Can Unum be charged for disability medical records?

Of course. But, claimants who are required to submit paperwork for updates must cover any costs themselves. If, however, Unum requests information directly from physicians then the doctors should bill and demand payment before records are actually sent. A beginning cost should be at least $100 since Unum always offers much less.

I have always recommended to physicians that they bill for their time,  use of resources such as copy machines, the costs of administrative office staff, and any other fixed costs related to taking harassing phone calls and generating paperwork. I find that charging Unum with the real costs of providing patient records is a dis-incentive for continually asking for the same information over and over again. Although most physicians “feel funny” about invoicing Unum, they should always send a bill when requests are received directly from the company. Perhaps my readers should remind their physicians to bill as appropriate.

What is an AP & C?

Another great question. Actually, I’ve written several detailed articles on this blog about Unum’s Advance Pay and Close. An AP & C is when Unum decides you are able to return to work and then “pays you out” up to 6 months on your claim anticipating you will be able to go back to work.

For example, claimant B’s medical doctor documented she probably could go back to work in 6 months, or worse yet, Unum’s claims handler used MD Advisor’s recovery period software recommendation to state when B can go back to work. Right away, Lucens or the claims handler will send B a letter saying they are going to give her six months of benefits in anticipation of a return to work based on the evidence they have. The letter says that if B is unable to return to work within the 6 months, she can come back of claim.

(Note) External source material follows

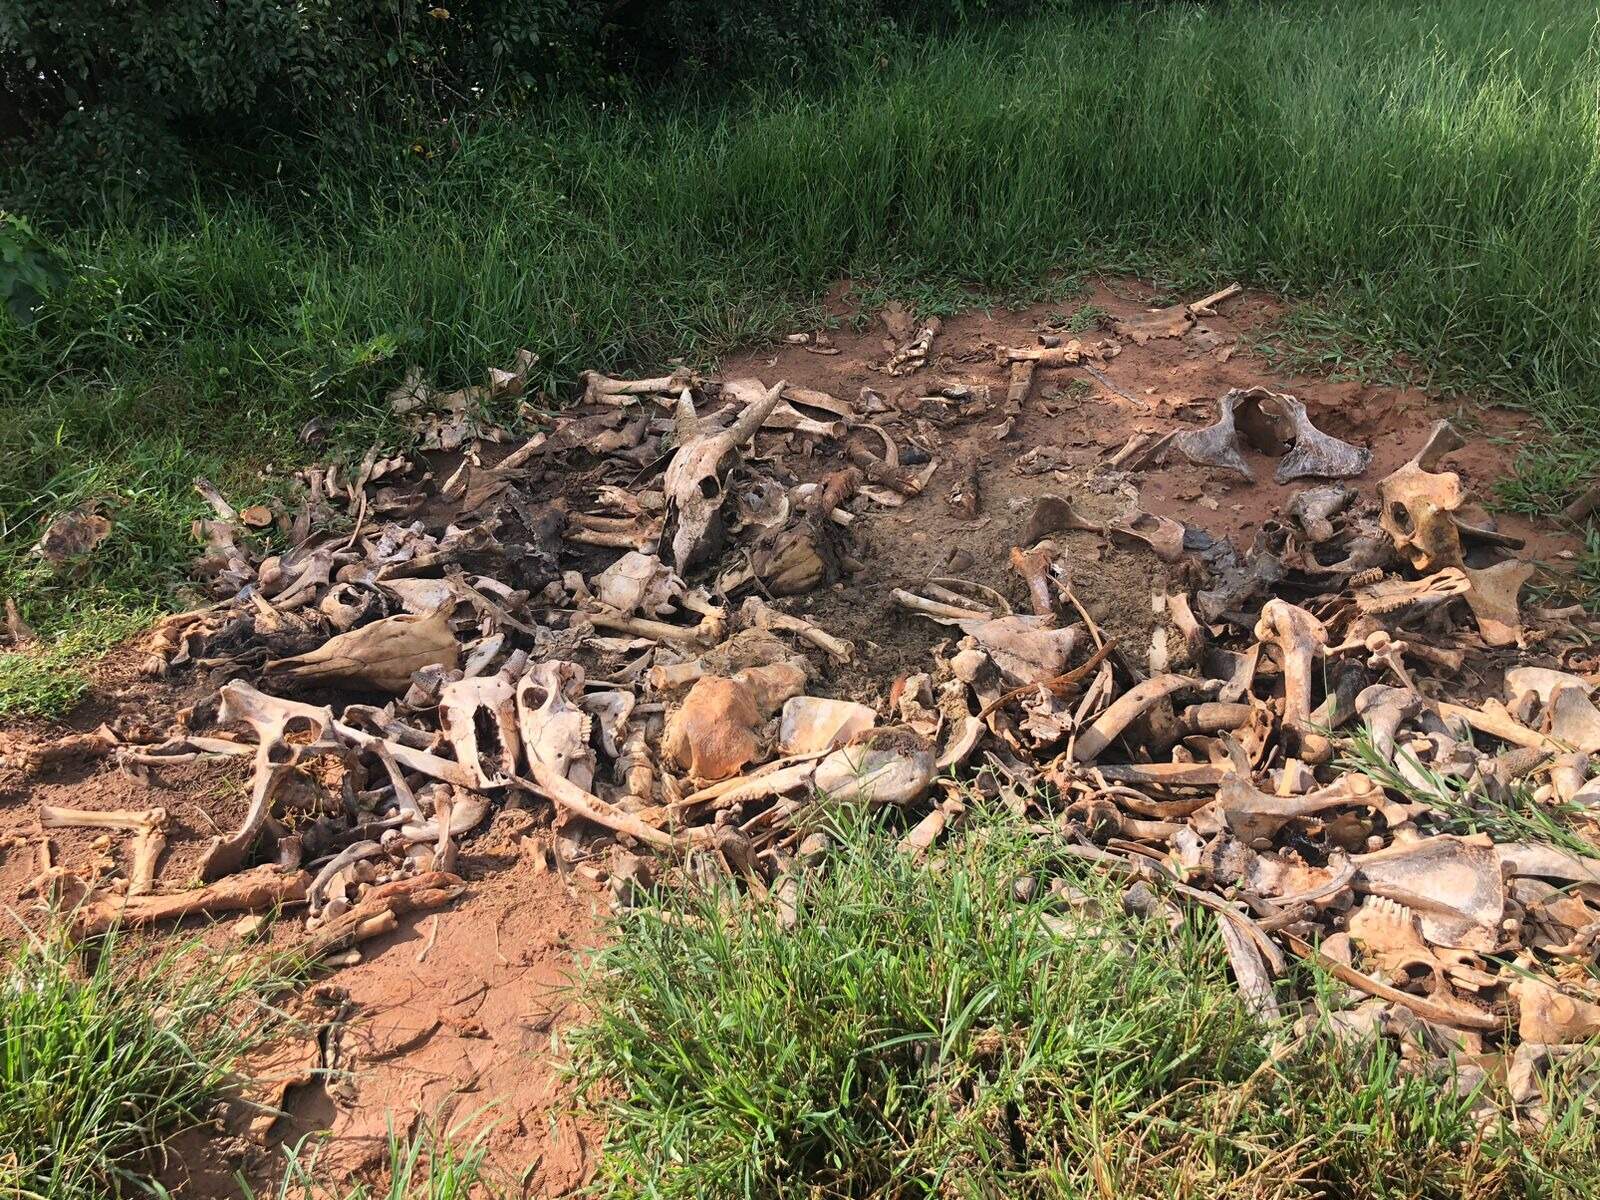 Cemitério de carcaça de bois leva à suspeita de abate clandestino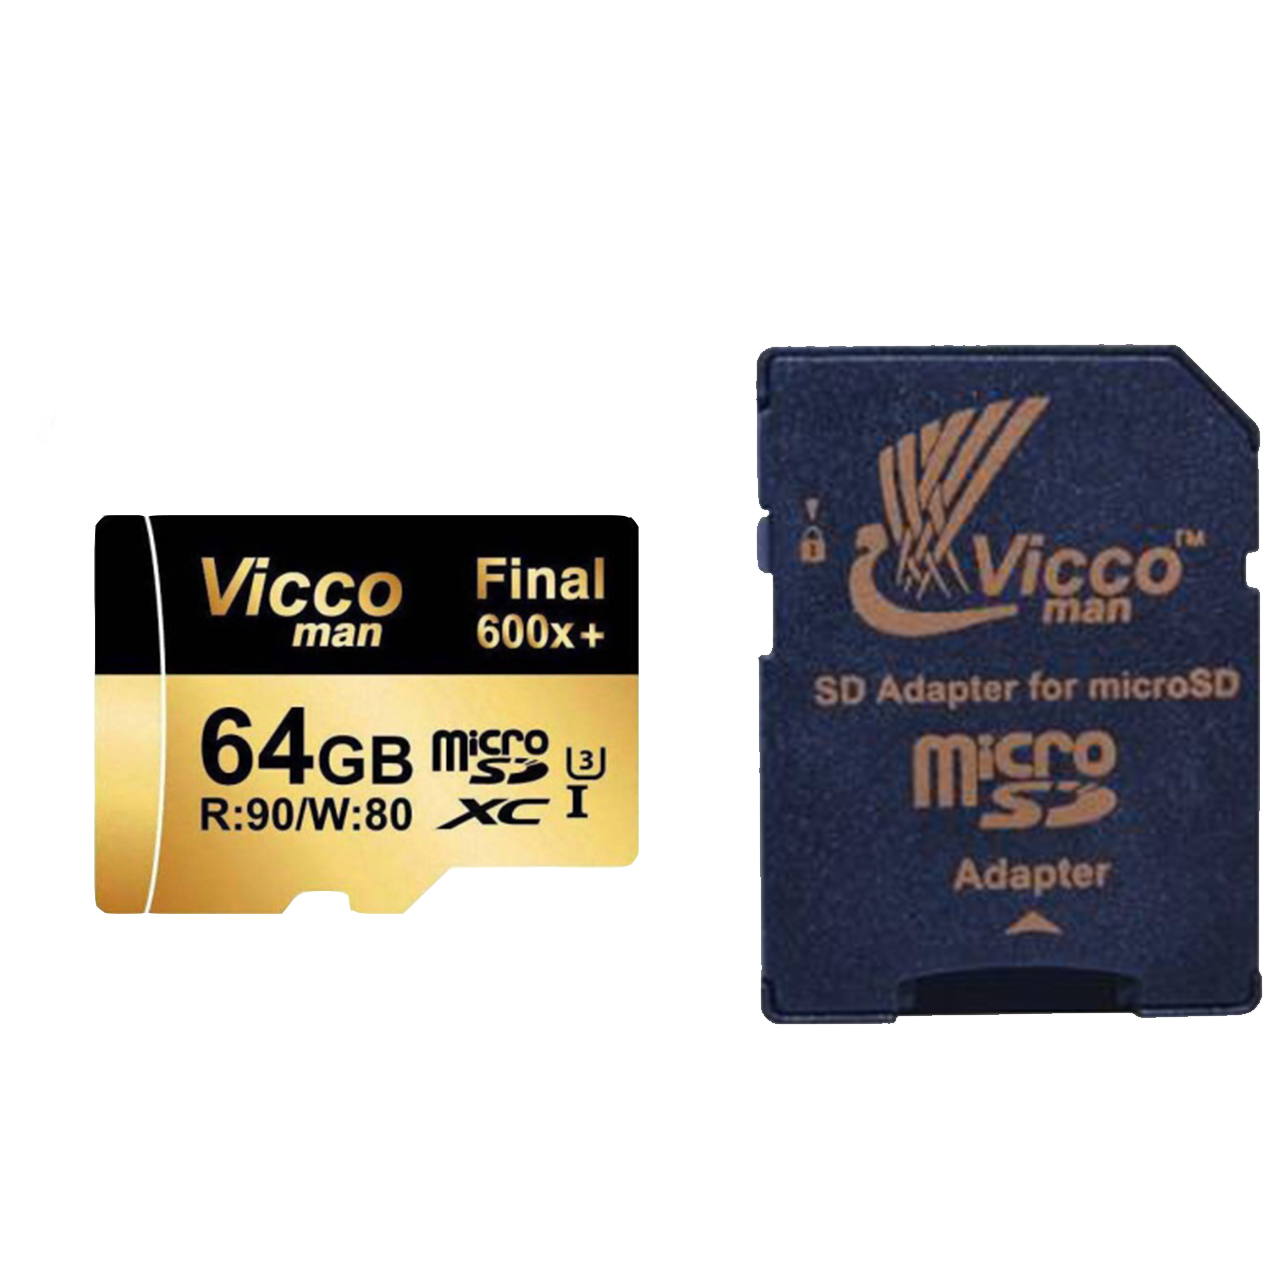 آنباکس کارت حافظه microSDXC ویکومن مدل 600x plus کلاس 10 استاندارد UHS-I U3 سرعت 90MBs ظرفیت 64 گیگابایت به همراه آداپتور SD توسط داود صاحبی بزاز در تاریخ ۳۰ خرداد ۱۳۹۹

Unum used to have very specific rules regarding offering AP & Cs.

  • The claimant must agree to accept the offer of AP & C.
  • The lump sum can only be up 6 months of benefits.
  • There must be specific documentation from an employer stating that a return to work is approved and expected.
  • No ERISA disclosure in the letters is permitted since an AP & C is regarded more as a settlement, rather than a denial.

Anyone can easily see how this is abused by Unum. Usually, AP & Cs are offered prior to holidays because it is presumed by Unum that certain groups of people will need money. Let’s not sell Unum short either. Tempted by the offer of getting up to 6 months benefits in a lump-sum encourages people to think, “I’ll take the money now and worry about the return to work six months down the road.”

The problem is, what if you are unable to return to work and you want to take Unum at it’s word that you can come back on claim? Forget it. The ensuing investigation will be more intense than when you initially applied and will likely be denied. AND, you don’t have any appeal rights! Please be careful with this. When Unum dangles lump-sums of money in front of claimants they may accept the offer without realizing the consequences.